## WHAT YOU SHOULD DO
From the line containing "Dodge Caliber Engine" to the very last line of the data below, transcribe everything exactly and nothing more.

## RECORDS SHOWN
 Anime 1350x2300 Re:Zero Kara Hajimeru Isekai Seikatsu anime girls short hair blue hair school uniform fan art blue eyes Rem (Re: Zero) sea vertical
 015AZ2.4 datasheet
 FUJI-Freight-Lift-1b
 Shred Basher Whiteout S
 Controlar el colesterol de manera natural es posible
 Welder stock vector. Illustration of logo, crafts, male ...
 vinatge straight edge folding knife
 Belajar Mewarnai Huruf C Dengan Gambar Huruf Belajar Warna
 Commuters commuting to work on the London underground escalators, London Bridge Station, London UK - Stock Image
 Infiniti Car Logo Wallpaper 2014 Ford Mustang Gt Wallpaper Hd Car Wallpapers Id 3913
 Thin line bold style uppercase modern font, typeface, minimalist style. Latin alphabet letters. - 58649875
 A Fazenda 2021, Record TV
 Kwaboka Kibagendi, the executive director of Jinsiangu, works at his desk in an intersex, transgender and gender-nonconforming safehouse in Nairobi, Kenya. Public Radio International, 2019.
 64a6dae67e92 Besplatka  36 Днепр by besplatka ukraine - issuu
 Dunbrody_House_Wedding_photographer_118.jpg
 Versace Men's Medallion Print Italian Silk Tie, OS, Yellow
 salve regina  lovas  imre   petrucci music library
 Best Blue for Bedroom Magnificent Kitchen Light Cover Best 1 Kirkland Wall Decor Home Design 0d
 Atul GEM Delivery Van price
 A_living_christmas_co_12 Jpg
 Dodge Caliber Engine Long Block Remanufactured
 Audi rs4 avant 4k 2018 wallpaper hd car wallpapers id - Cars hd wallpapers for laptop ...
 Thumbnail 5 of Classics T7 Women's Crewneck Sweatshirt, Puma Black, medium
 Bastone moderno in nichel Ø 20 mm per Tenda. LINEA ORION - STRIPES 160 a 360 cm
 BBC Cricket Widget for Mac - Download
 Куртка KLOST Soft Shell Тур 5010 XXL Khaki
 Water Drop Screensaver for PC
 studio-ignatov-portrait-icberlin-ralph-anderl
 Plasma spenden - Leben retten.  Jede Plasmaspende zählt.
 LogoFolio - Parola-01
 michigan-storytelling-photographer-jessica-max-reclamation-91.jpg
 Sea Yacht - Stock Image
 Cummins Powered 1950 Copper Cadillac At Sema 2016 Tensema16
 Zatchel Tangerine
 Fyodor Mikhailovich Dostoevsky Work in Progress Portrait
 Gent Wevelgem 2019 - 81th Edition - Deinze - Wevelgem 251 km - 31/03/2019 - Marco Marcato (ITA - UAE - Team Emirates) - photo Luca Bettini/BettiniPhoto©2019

## ANSWER AREA
 Dodge Caliber Engine Long Block Remanufactured
 Audi rs4 avant 4k 2018 wallpaper hd car wallpapers id - Cars hd wallpapers for laptop ...
 Thumbnail 5 of Classics T7 Women's Crewneck Sweatshirt, Puma Black, medium
 Bastone moderno in nichel Ø 20 mm per Tenda. LINEA ORION - STRIPES 160 a 360 cm
 BBC Cricket Widget for Mac - Download
 Куртка KLOST Soft Shell Тур 5010 XXL Khaki
 Water Drop Screensaver for PC
 studio-ignatov-portrait-icberlin-ralph-anderl
 Plasma spenden - Leben retten.  Jede Plasmaspende zählt.
 LogoFolio - Parola-01
 michigan-storytelling-photographer-jessica-max-reclamation-91.jpg
 Sea Yacht - Stock Image
 Cummins Powered 1950 Copper Cadillac At Sema 2016 Tensema16
 Zatchel Tangerine
 Fyodor Mikhailovich Dostoevsky Work in Progress Portrait
 Gent Wevelgem 2019 - 81th Edition - Deinze - Wevelgem 251 km - 31/03/2019 - Marco Marcato (ITA - UAE - Team Emirates) - photo Luca Bettini/BettiniPhoto©2019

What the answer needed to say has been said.